On 18 September, the German Aerospace Centre (DLR, @dlr_en) and the European Space Agency (ESA, @esa) invited 60 lucky Twitter followers to the first European SpaceTweetup.  Among them some of our most prominent members, @flyingjenny, @herrea, @CraftLass, @travelholic, @amoroso, @marcozambi, @SpaceKate, @DrLucyRogers and @rocketman528. I (@akanel) was also lucky to be invited – and this was my first Tweetup ever!

The SpaceTweetup took place on German Aerospace Day at the joint DLR and European Astronaut Centre site in Cologne.  It was an amazing day, which not even the German grey and rainy weather could spoil!  …it did, of course, make our photographs a bit murky, but that’s about it!
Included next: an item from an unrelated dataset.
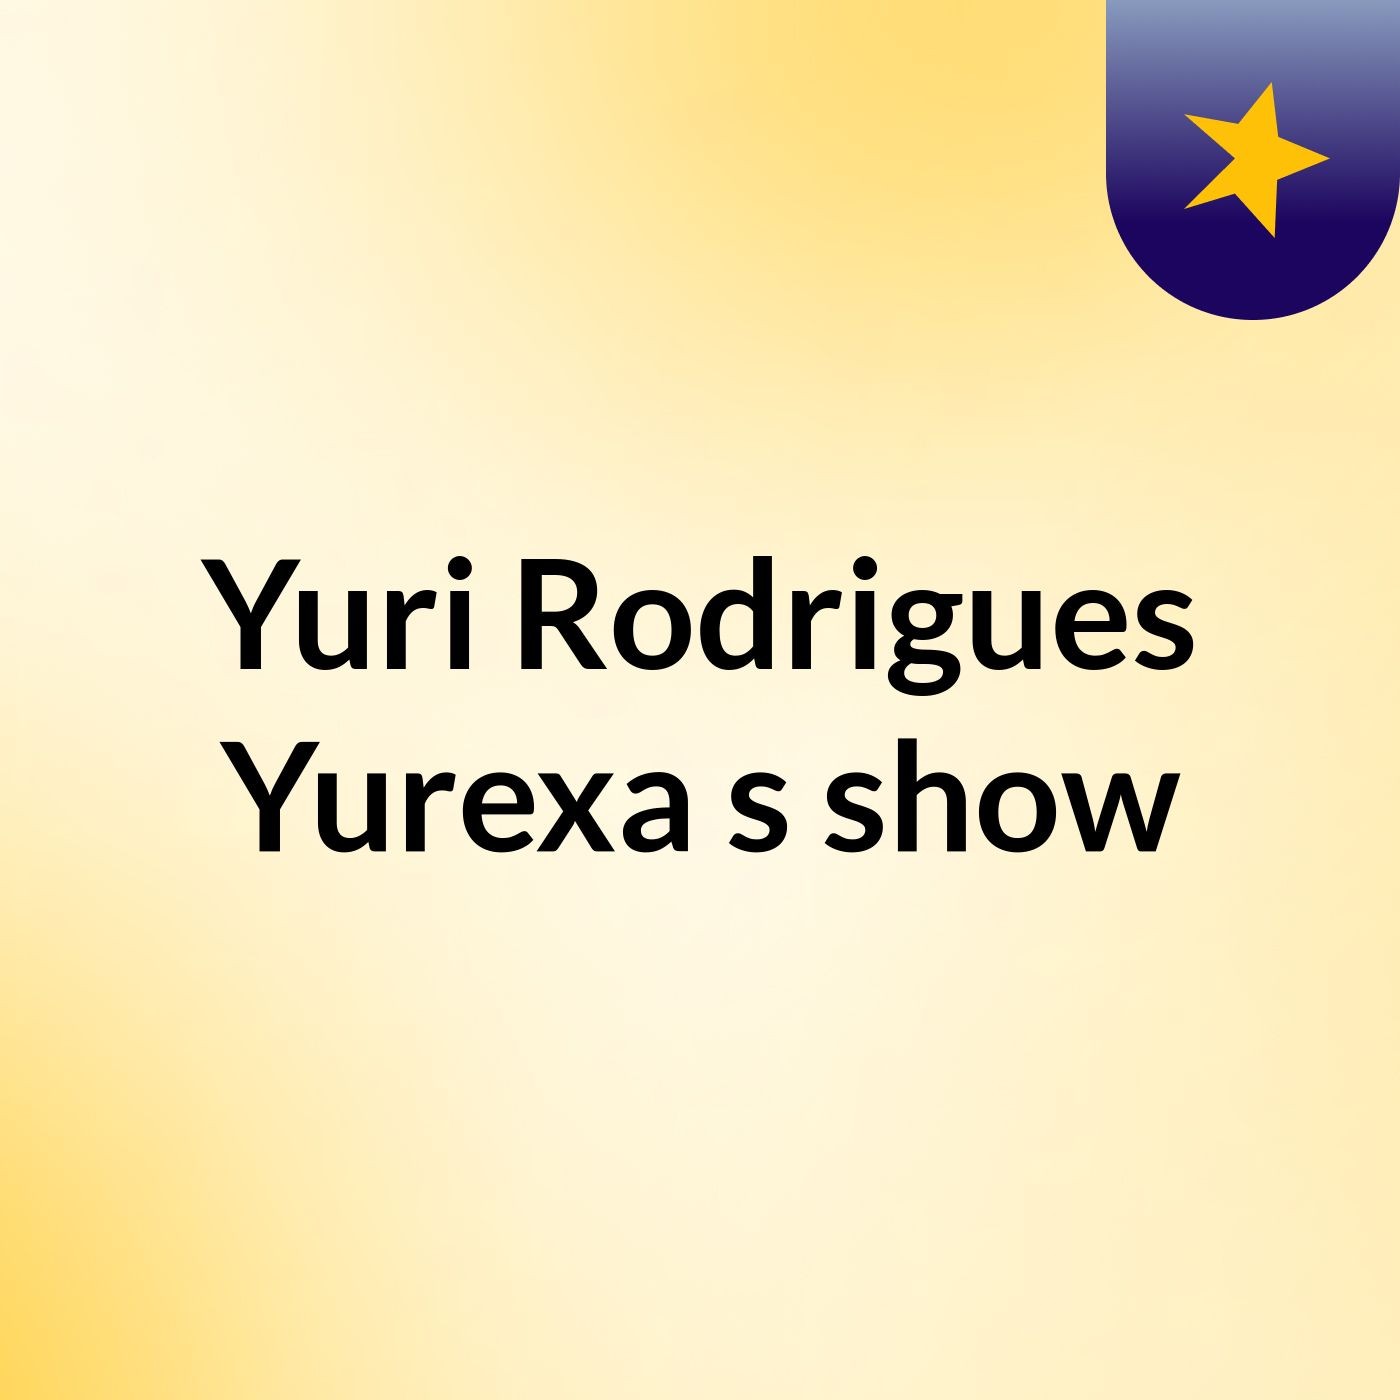 Yuri Rodrigues Yurexa's show
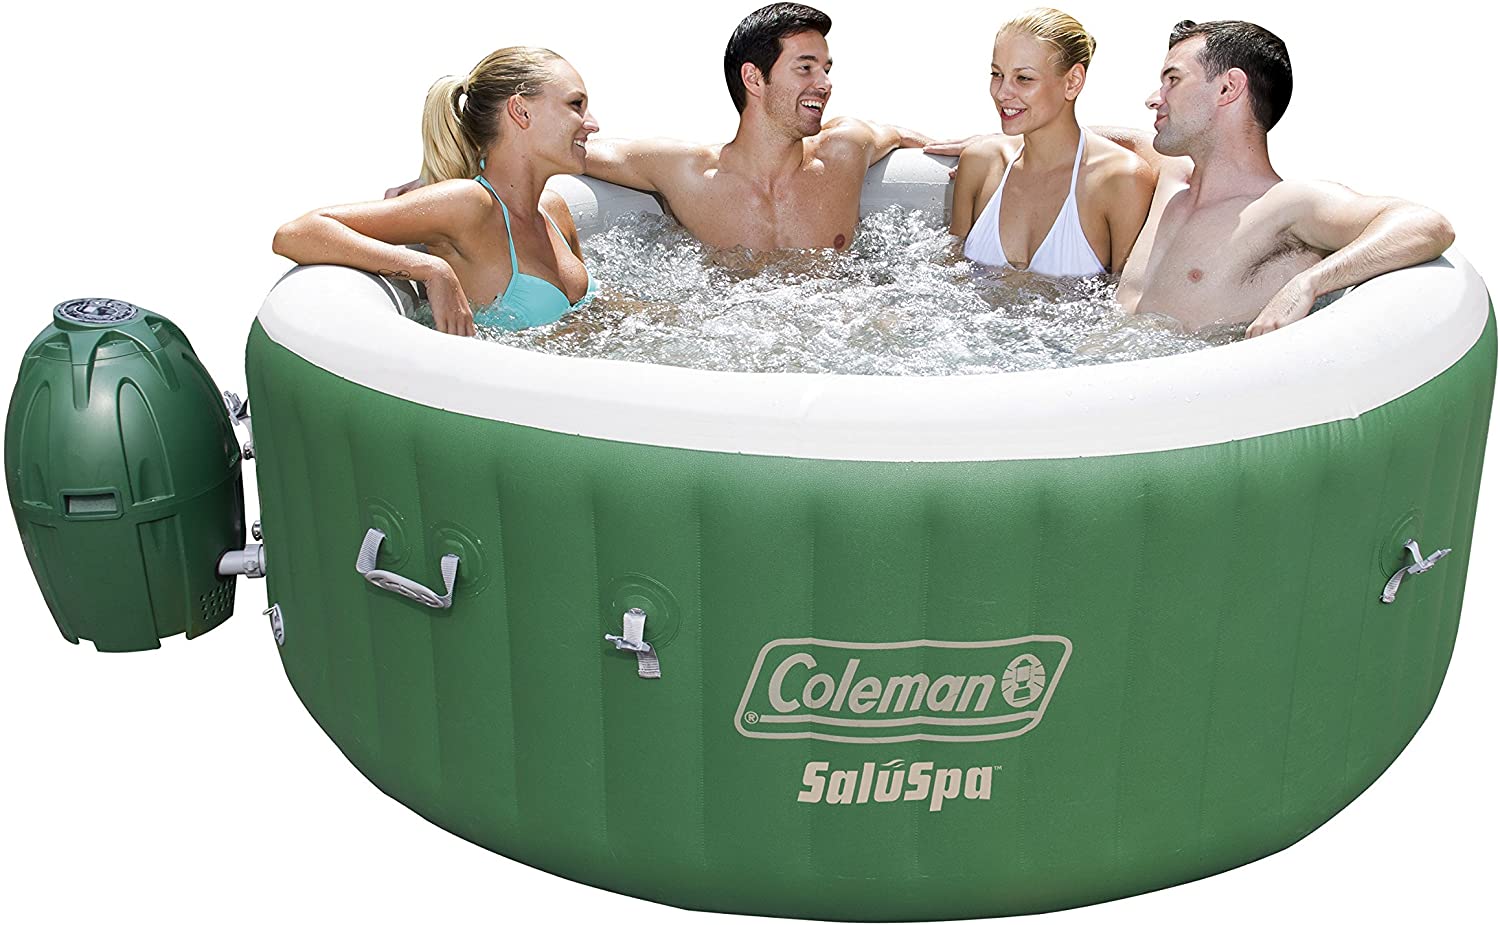 2. Coleman SaluSpa Inflatable Hot Tub

The SpaceTweetup program was full and exciting.  So many thrills packed inside approx. 10 hours that could have easily been the object of two or more separate events.  For those who didn’t get to attend, a four hour (!) long selection of the best moments is available on ESA’s site.


Photo credit: @SimSullen

The day started very excitingly.  We visited and learned about the SOFIΑ Project (Stratospheric Observatory for Infrared Astronomy), DLR and NASA’s impressive airborne telescope.  Mounted on a Boeing 747SP aircraft modified by L-3 Communications Integrated Systems, SOFIA has a 2.5 meter reflecting telescope, which makes measurements during flight!  High above the disturbances caused by Earth’s atmosphere, but also easily accessible for maintenance and modifications, SOFIA combines the advantages of space telescopes, like Herschel and Hubble, with the ease of ground based telescopes.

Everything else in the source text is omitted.